Research & Papers

Analysing Calls to Order in German Parliamentary Debates

A new AI dataset reveals insults are the top trigger for formal reprimands in the Bundestag.

Deep Dive

A team of researchers including Nina Smirnova, Daniel Dan, and Philipp Mayr has published a novel study applying natural language processing (NLP) to political science. They developed a rule-based method to automatically detect and annotate formal 'Calls to Order' (CtOs) in the German Bundestag, creating the first comprehensive dataset of parliamentary incivility spanning 72 years of debates. This dataset, accepted for the PoliticalNLP 2026 workshop, provides a quantitative lens on political conflict and norm violations that have previously been studied only anecdotally.

The analysis reveals systematic biases in how parliamentary rules are enforced. The data shows that male members of parliament and those belonging to opposition parties receive significantly more formal reprimands than their female and coalition-party counterparts. The most frequent trigger for a Call to Order was a personal insult directed at an individual. Furthermore, the research indicates that despite formal regulations, the issuance of CtOs is influenced by subjective factors, including the presiding session president and the dynamics of the debate itself, with debates on governmental affairs and presidential actions seeing the highest concentration of triggers.

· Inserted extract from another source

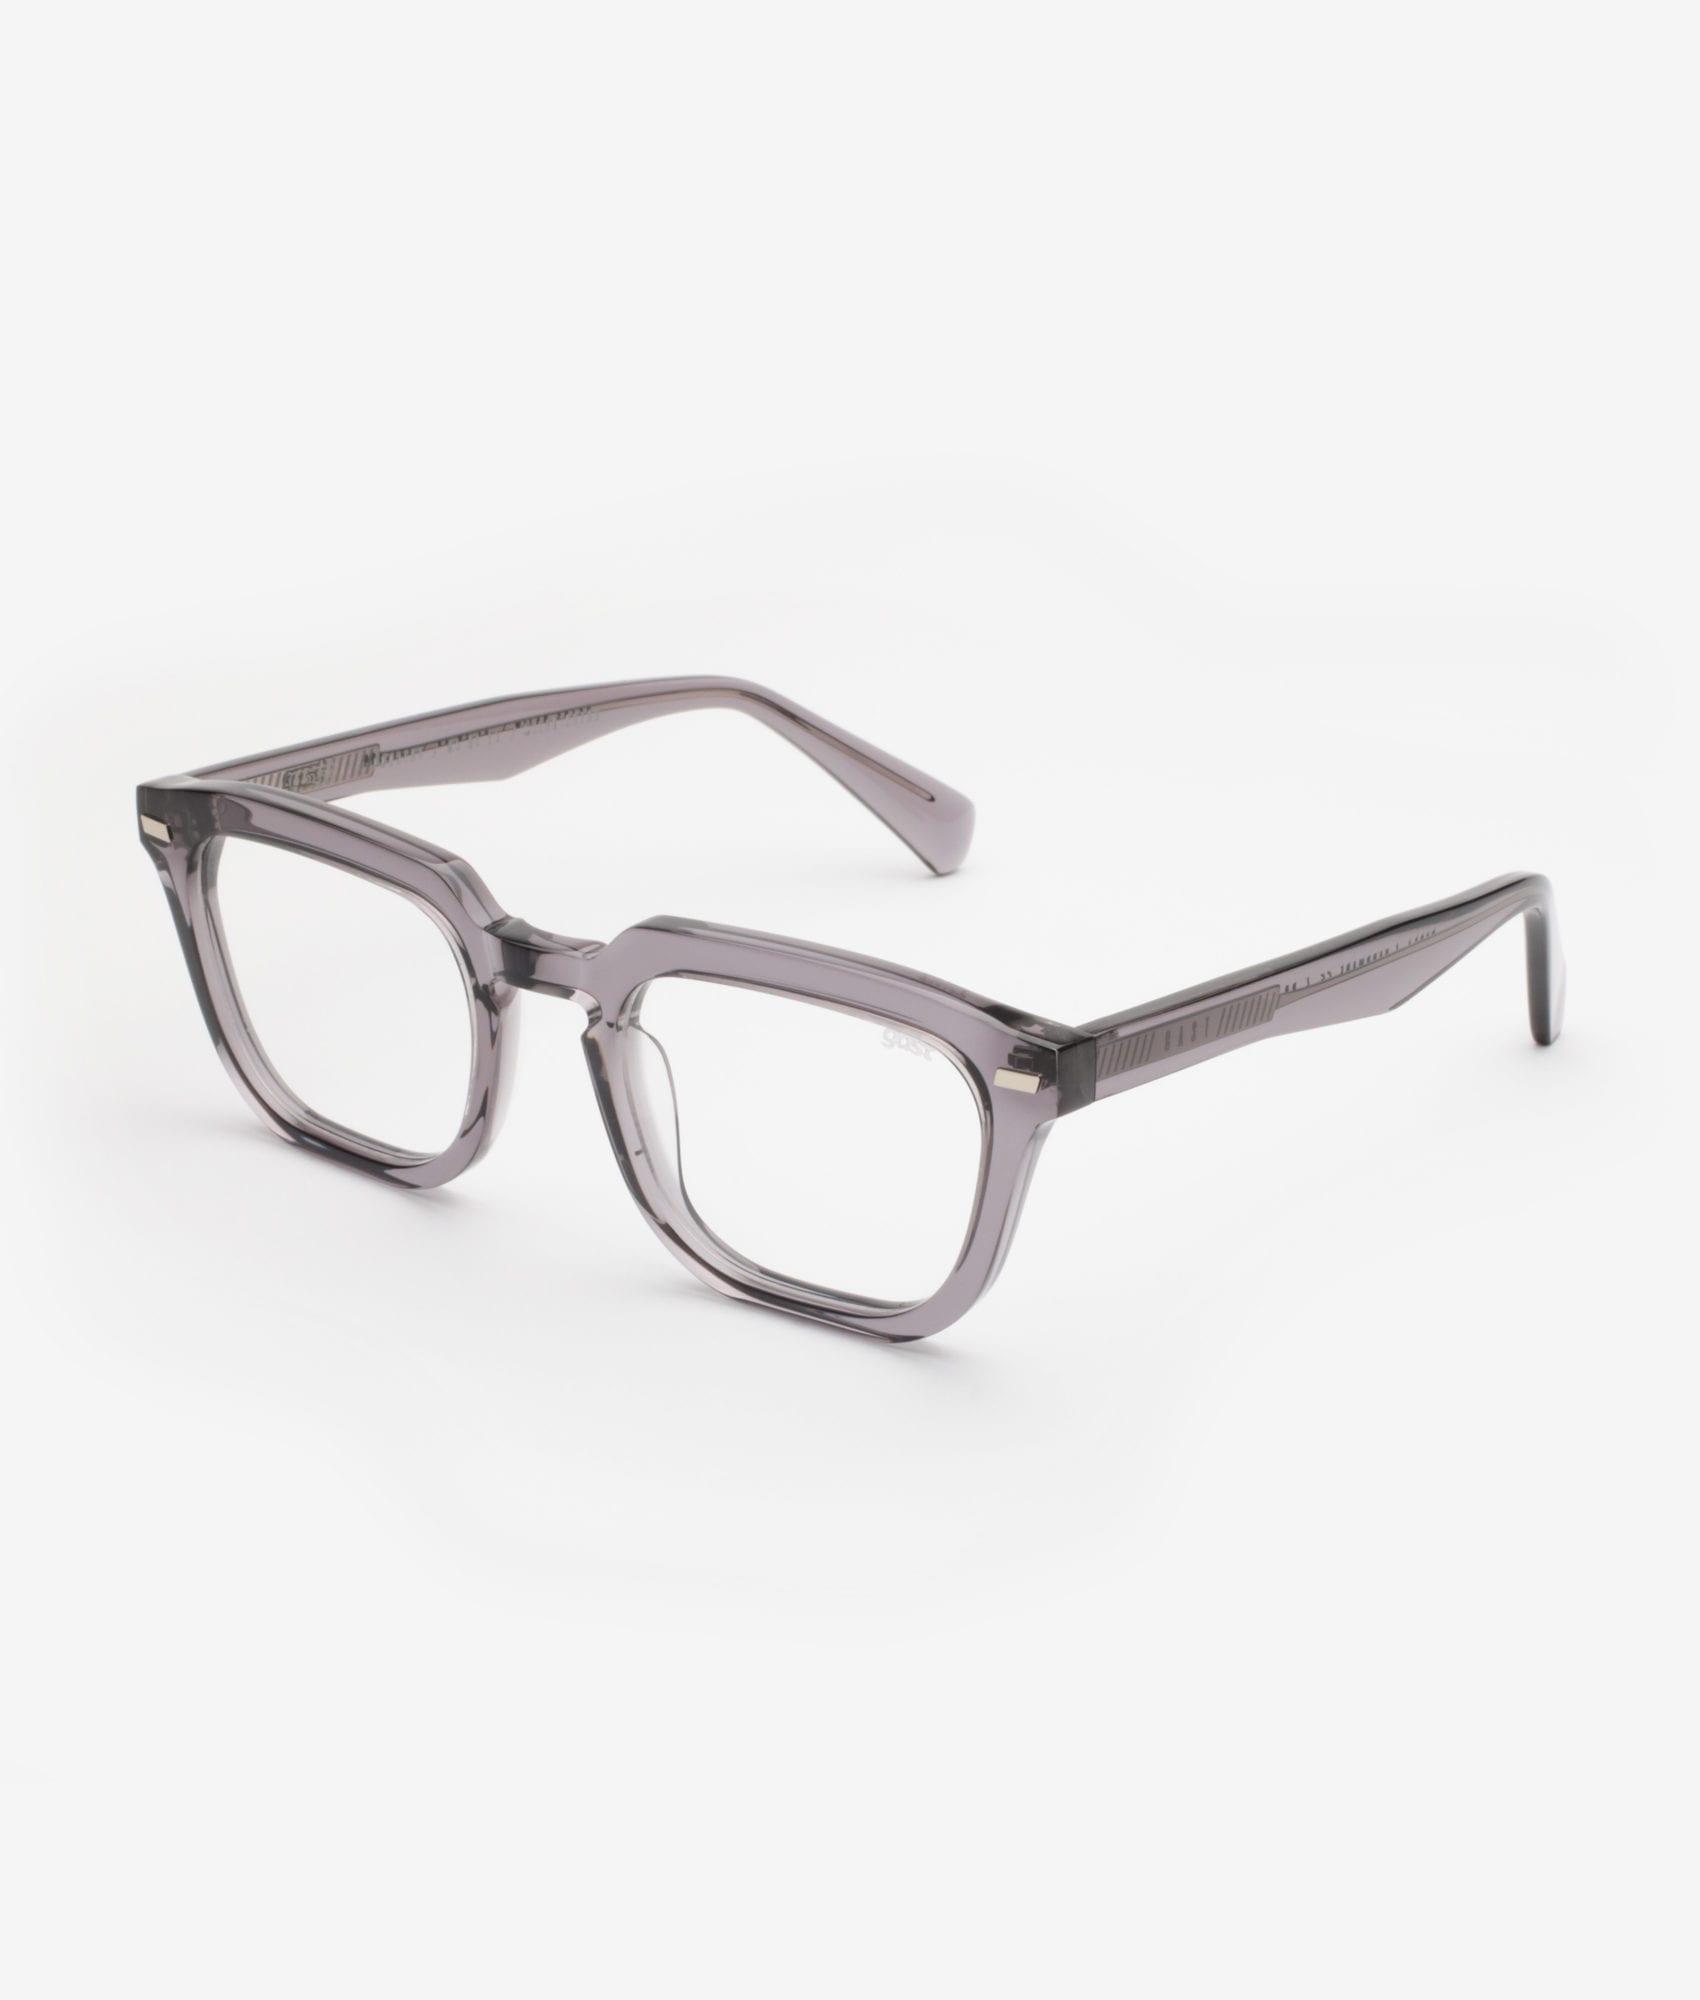 Bagaj Grey Gast eyewear

This work establishes a new benchmark for computational political science, moving beyond simple sentiment analysis to a structured classification of specific rule-breaking speech acts. The publicly released dataset and methodology allow other researchers to study political polarization, institutional conflict, and the enforcement of deliberative norms over decades with unprecedented precision.

Key Points
  • Created a novel NLP-annotated dataset of 72 years of German parliamentary debates, focusing on formal 'Calls to Order'.
  • Found systematic bias: male MPs and opposition members receive significantly more reprimands than females and coalition members.
  • Identified personal insults as the most frequent trigger for a formal call to order, highlighting a key source of incivility.

Why It Matters

Provides data-driven insights into political polarization and the real-world enforcement of parliamentary norms, moving beyond anecdotal evidence.